Black hole stereotyping: Induced gravito-static polarization
Barak Kol, Michael Smolkin
TL;DR
This work analyzes the static finite-size response of black holes by formulating the static sector of the black hole effective action and computing the induced gravito-static polarization constants (Love numbers) for Schwarzschild BHs in arbitrary dimensions. Using a combination of microscopic perturbation theory and effective field theory matching, the authors derive explicit expressions for the Love numbers in terms of the dimensionless ratio l/(d-3) and horizon scales, demonstrating that 4d Love numbers vanish while higher dimensions yield nonzero values.
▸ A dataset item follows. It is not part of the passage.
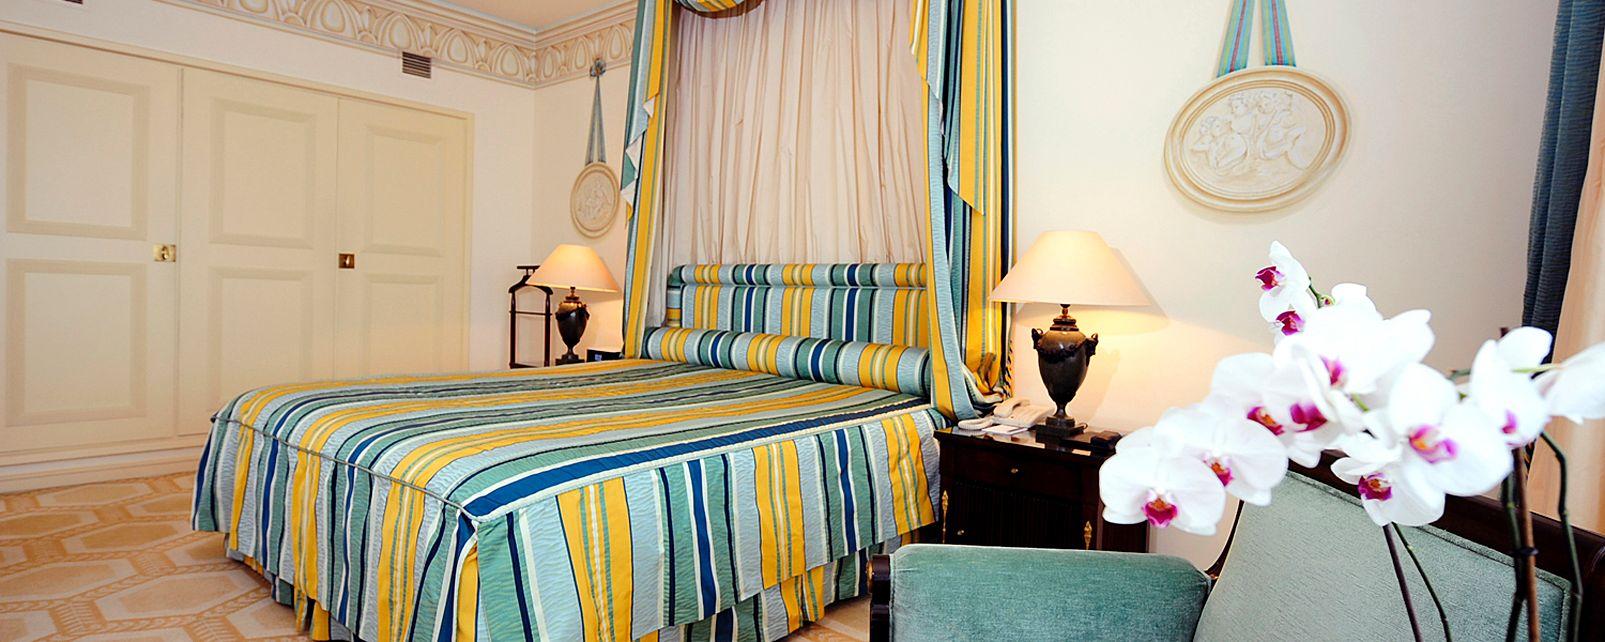 Hotel Four Seasons Ritz Lisbon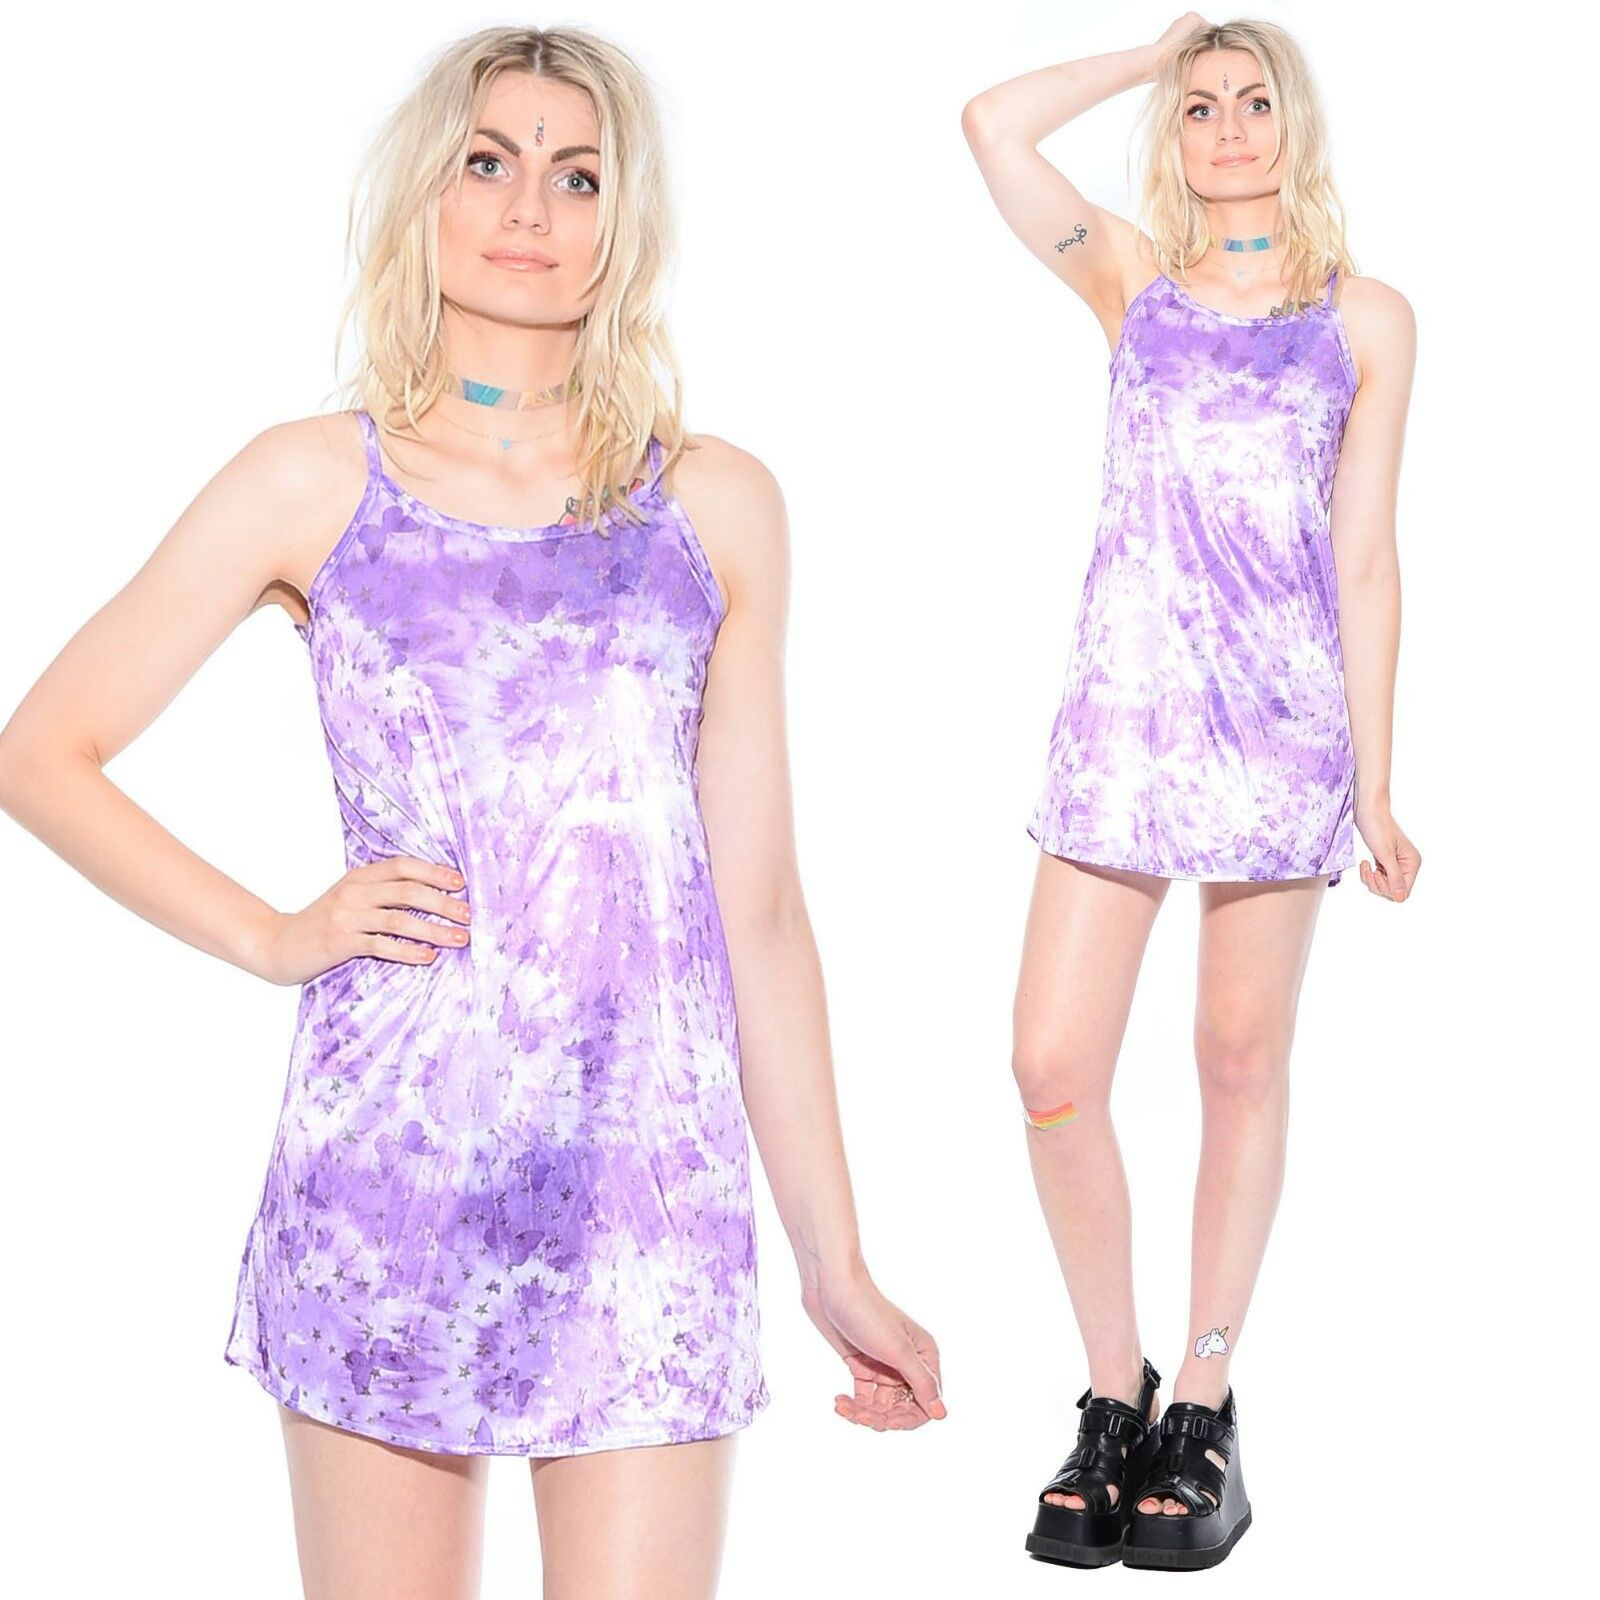 Vtg 90s HOLOGRAPHIC Metallic Butterfly Club-Kid Rave Cyber Shiny Mini Dress S

They identify a classical renormalization-group flow for half-integer hat l and discuss negative values as potential non-spherical instabilities, linking hypergeometric-function solutions to EFT counterterms. The results challenge the notion that black holes have no non-minimal world-line couplings in d>4 and provide a detailed map of BH finite-size effects across dimensions, with implications for higher-dimensional BH dynamics and stability.
Abstract
We discuss the black hole effective action and define its static subsector. We determine the induced gravito-static polarization constants (electric Love numbers) of static black holes (Schwarzschild) in an arbitrary dimension, namely the induced mass multipole as a result of an external gravitational field. We demonstrate that in 4d these constants vanish thereby settling a disagreement in the literature. Yet in higher dimensions these constants are non-vanishing, thereby disproving (at least in d>4) speculations that black holes have no effective couplings beyond the point particle action. In particular, when l/(d-3) is half integral these constants demonstrate a (classical) renormalization flow consistent with the divergences of the effective field theory. In some other cases the constants are negative indicating a novel non-spherical instability. The theory of hypergeometric functions plays a central role.